To learn $w^{(j)}, b^{(j)}$ for user j:
$$
J(w^{(j)}, b^{(j)}) = \frac{1}{2} \sum_{i:r(i,j)=1} (w^{(j)} · x^{(i)} + b^{(j)} - y^{(i, j)})^2 + \frac{\lambda}{2} \sum_{k=1}^{n} (w_k^{(j)})^2
$$

Note:

  • Added L2 Norm to prevent overfitting.
  • Set $\frac{1}{2m^{(m)}}$ to be $\frac{1}{2}$ for convenience.

To learn $(w^{(1)}, b^{(1)}), (w^{(2)}, b^{(2)}),…, (w^{(n_u)}, b^{(n_u)})$ for all users:
$$
J(w^{(1)},..w^{(n_u)}, b^{(1)},..,b^{(n_u)}) = \frac{1}{2} \sum_{j=1}^{n_u} \sum_{i:r(i,j)=1} (w^{(j)} · x^{(i)} + b^{(j)} - y^{(i, j)})^2 + \frac{\lambda}{2} \sum_{j=1}^{n_u} \sum_{k=1}^{n} (w_k^{(j)})^2
$$


Build Recommender System without feature values (with learned user features)

For example, we got parameters $w$ and $b$ of users and their ratings for all items (might miss some ratings).

The model we defined as above: $ w^{(j)} · x^{(i)} + b^{(j)} $, now we know $y_{rating} \approx w^{(j)} · x^{(i)} + b^{(j)}$.

We could guess the feature values of items ($x^{(i)}$) by putting $\ w, b\ and\ y\ $into the function.

Cost function for this system

To learn $x^{(i)}$:
$$
J(x^{(i)}) = \frac{1}{2} \sum_{j:r(i, j)=1} (w^{(j)} · x^{(i)} + b^{(j)} - y^{(i, j)})^2 + \frac{\lambda}{2} \sum_{k=1}^{n} (x_{k}^{(i)})^2
$$

To learn $x^{(1)}, x^{(2)},…, x^{(n_m)}$:

$$
J(x^{(1)}, x^{(2)},…,x^{(n_m)}) = \frac{1}{2} \sum_{i=1}^{n_m} \sum_{j:r(i, j)=1} (w^{(j)} · x^{(i)} + b^{(j)} - y^{(i, j)})^2 + \frac{\lambda}{2} \sum_{i=1}^{n_m} \sum_{k=1}^{n} (x_{k}^{(i)})^2
$$


Collaborative Filtering

If we put the two cost functions together:
$$
J(w^{(1)}..w^{(n_u)}, b^{(1)}..b^{(n_u)}, x^{(1)}..x^{(n_m)}) = \frac{1}{2} \sum_{(i, j):r(i,j)=1} (w^{(j)} · x^{(i)} + b^{(j)} - y^{(i, j)})^2 + \frac{\lambda}{2} \sum_{j=1}^{n_u} \sum_{k=1}^{n} (w_k^{(j)})^2 + \frac{\lambda}{2} \sum_{i=1}^{n_m} \sum_{k=1}^{n} (x_{k}^{(i)})^2
$$

Note:

Collaborative Filtering is gathering data from multiple users and help predict (ratings of items) for other users.
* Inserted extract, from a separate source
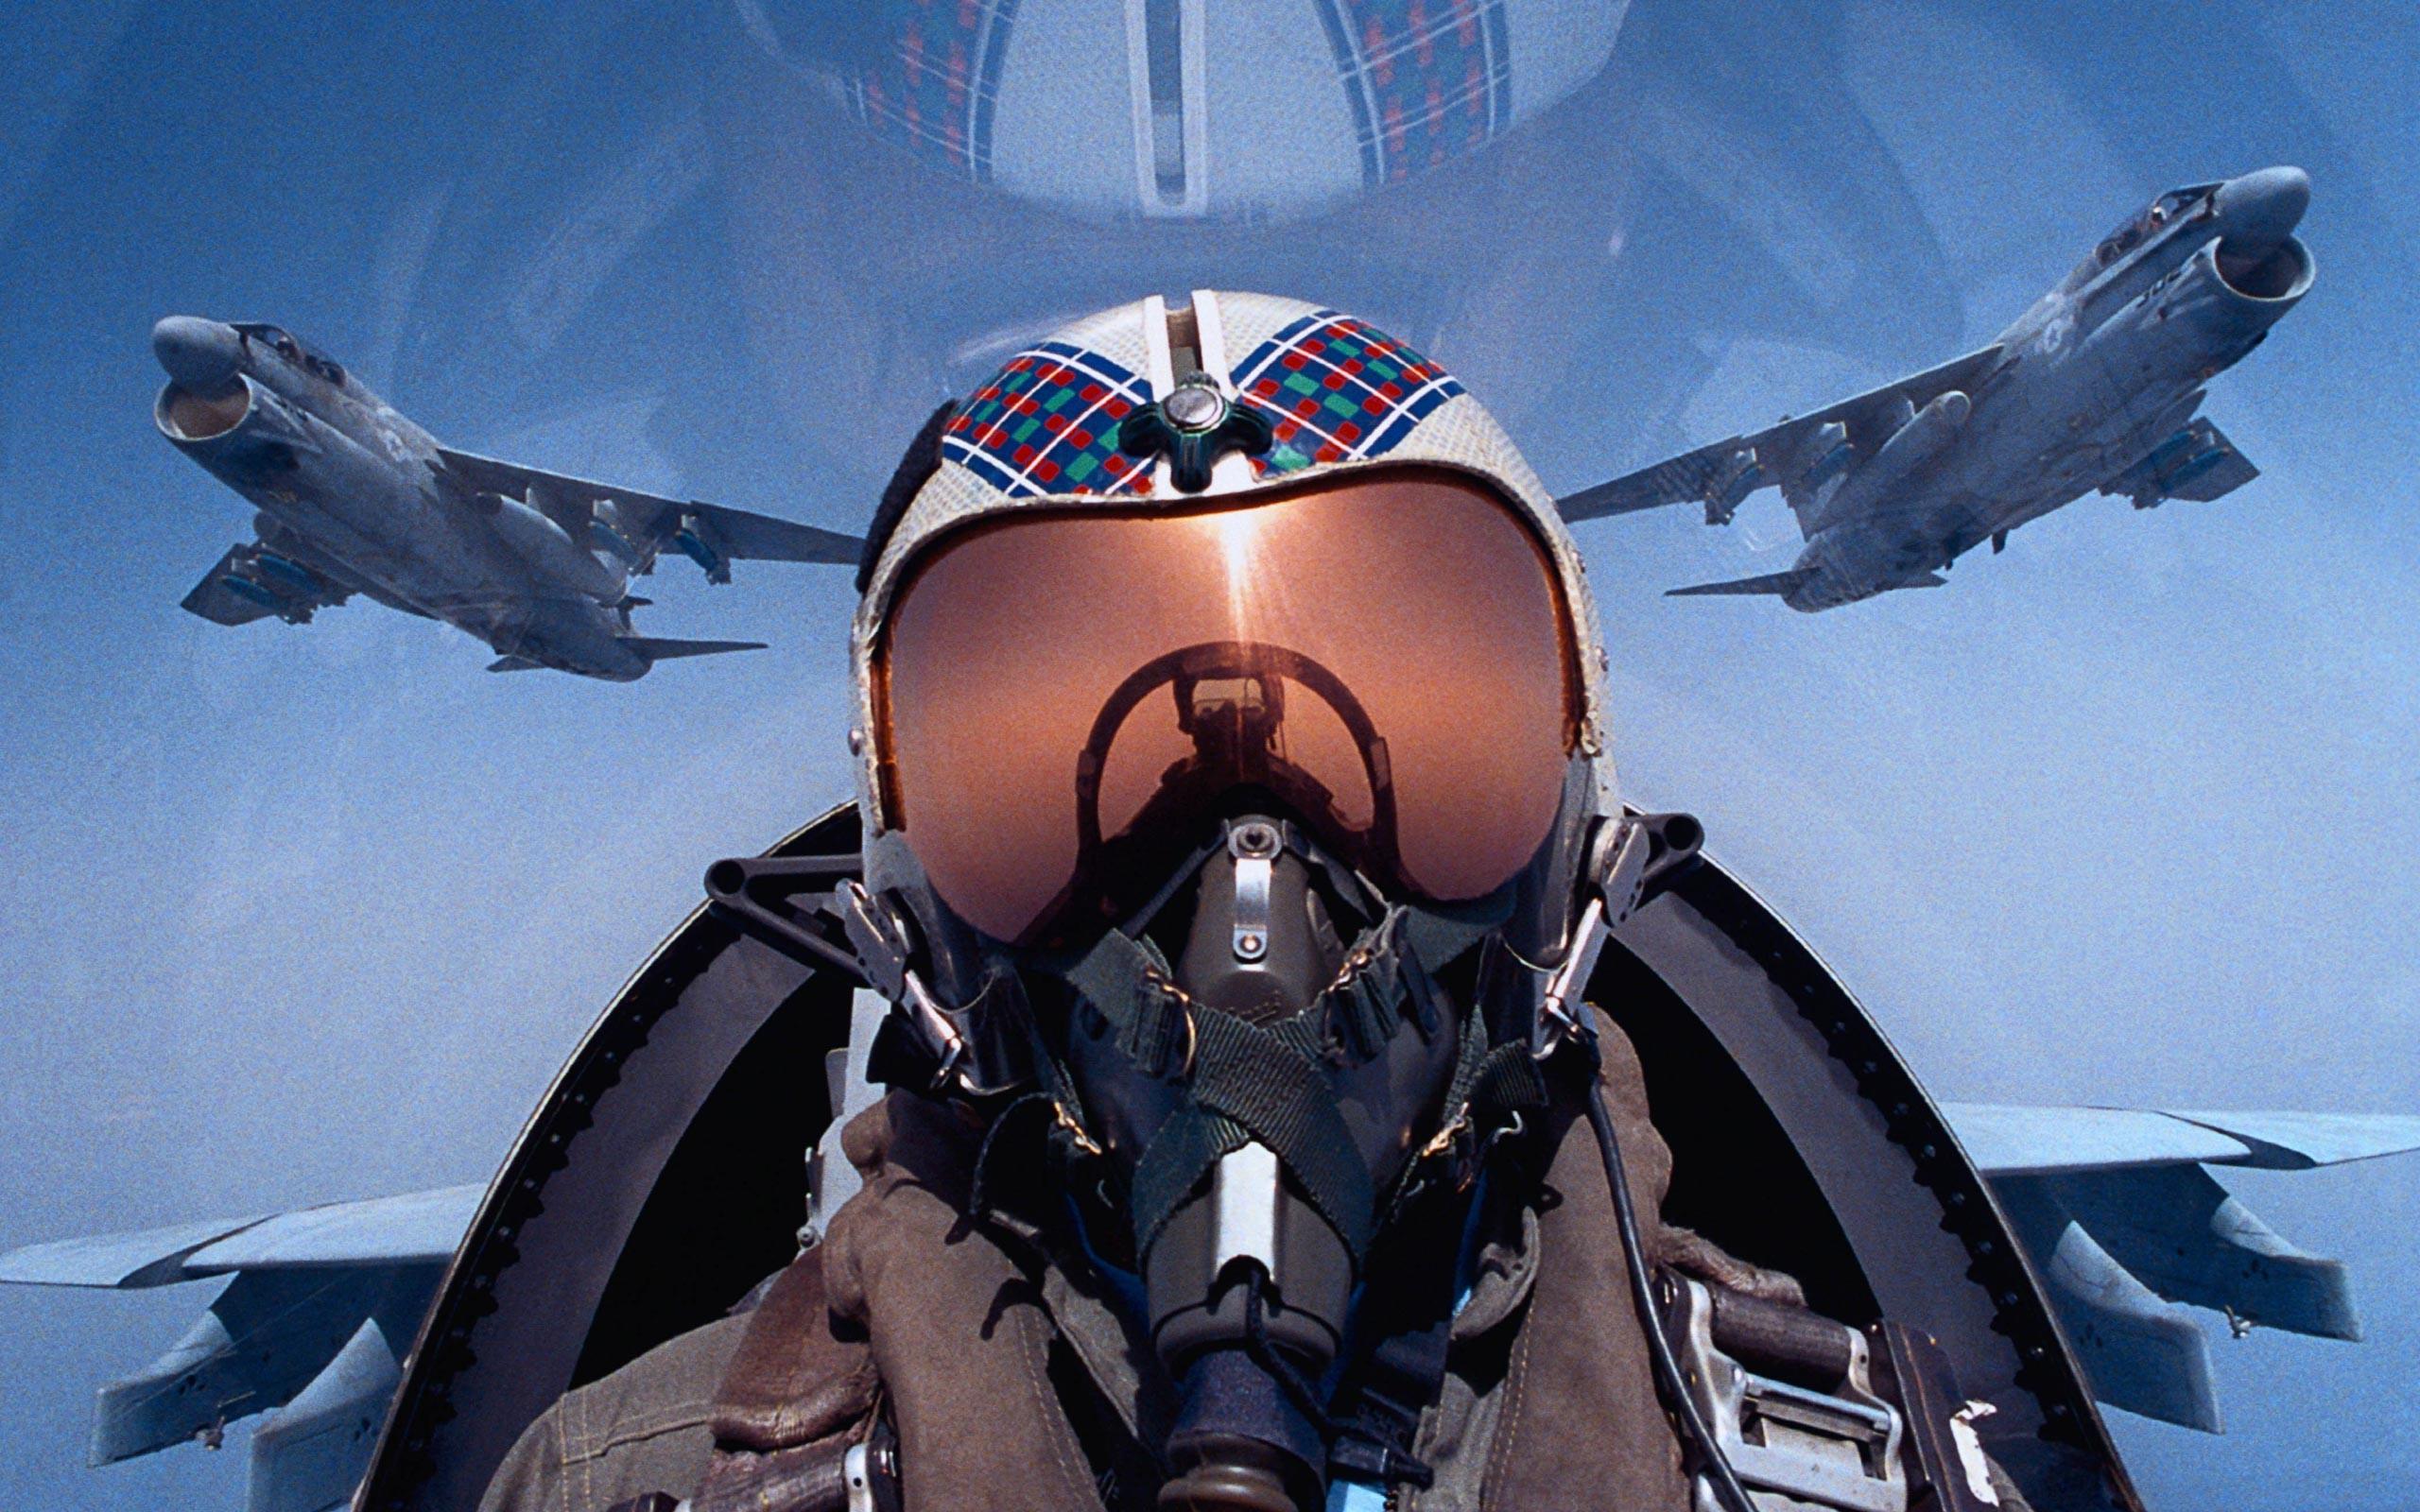 Piloto de avión - 2560x1600

Generalize to Binary Labels

Instead of giving integer values of rating to items, the users now gave ‘1/0’ binary values to items.

1: Usually means user $j$ like/click/purchase/spend at least 30 secs on an item after being shown.
0: Usually means user $j$ didn’t engage after the item being shown.
?: Means the item isn’t shown to the user $j$ yet.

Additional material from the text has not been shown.